Presumed security is a principle in security engineering that a system is safe from attack due to an attacker assuming, on the basis of probability, that it is secure. Presumed security is the opposite of security through obscurity. A system relying on security through obscurity may have actual security vulnerabilities, but its owners or designers deliberately make the system more complex in the hope that attackers are unable to find a flaw. Conversely a system relying on presumed security makes no attempt to address its security flaws, which may be publicly known, but instead relies upon potential attackers simply assuming that the target is not worth attacking.
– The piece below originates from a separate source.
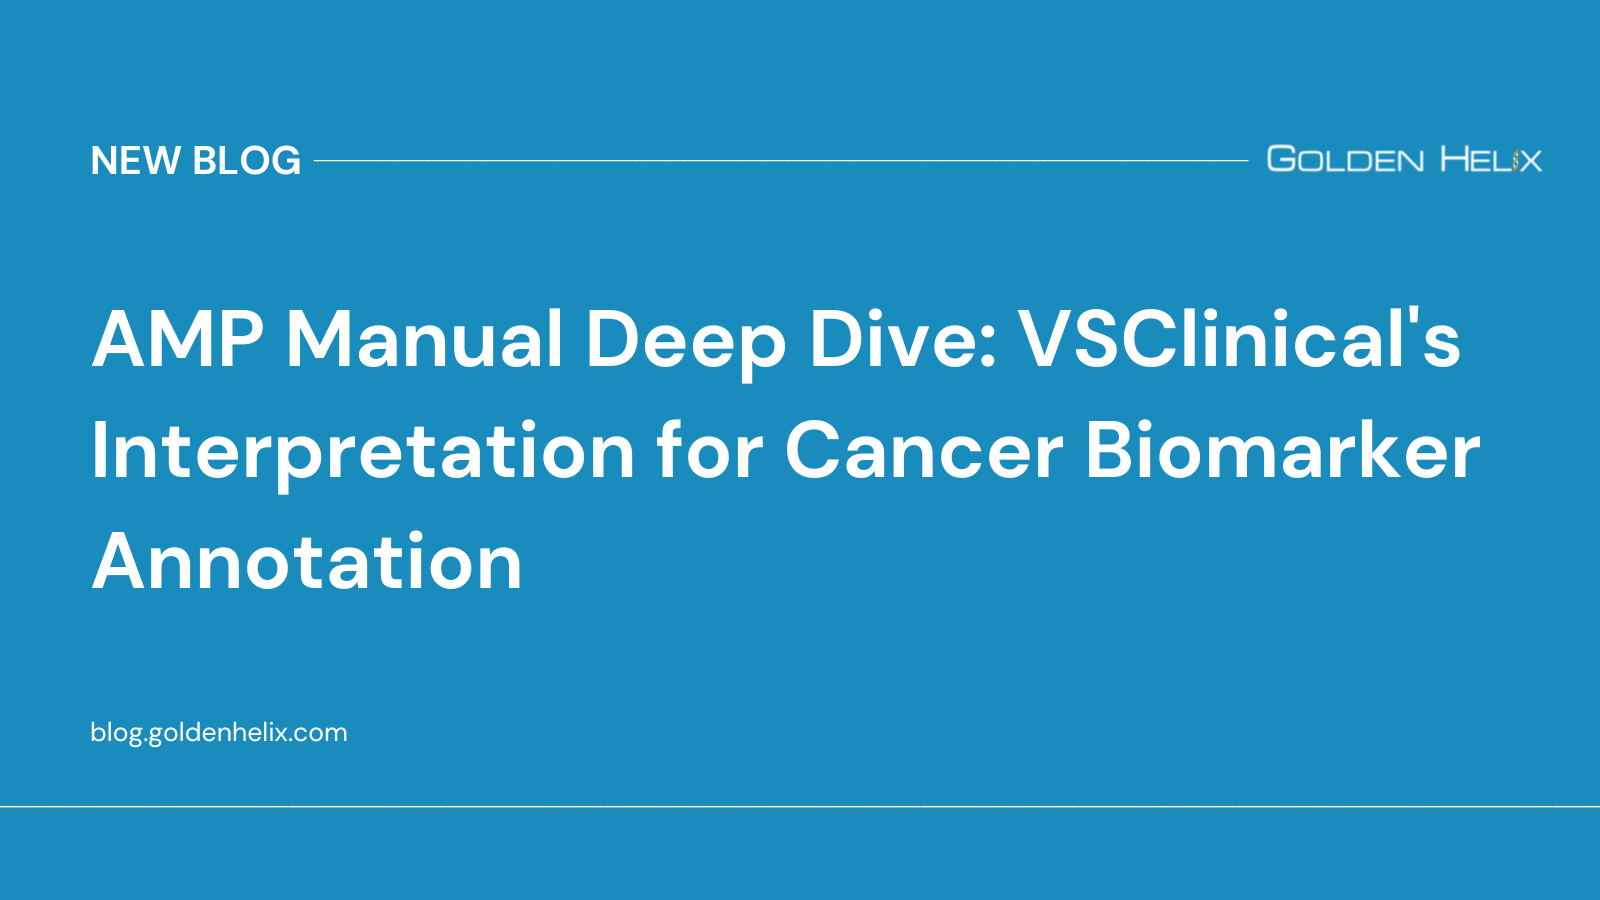 AMP Manual Deep Dive VSClinical's Interpretation for Cancer Biomarker Annotation

The reasons for an attacker to make this assumption may range from personal risk (the attacker believes the system owners can easily identify, capture and prosecute them) to technological knowledge (the attacker believes the system owners have sufficient knowledge of security techniques to ensure no flaws exist, rendering an attack moot).

Although this approach to security is implicitly understood by security professionals, it is rarely discussed or documented. The phrase "presumed security" appears to have been first coined by the security commentary website Zero Flaws. The article uses the Royal Military Academy Sandhurst as an example, focusing on the apparent lack of entry security and contrasting it against the presumed security a military installation will have. The article also details the flaws inherent in a trust seal such as the Verisign Secure Site seal, and explains why this presumed security approach is actually detrimental to an overall security posture.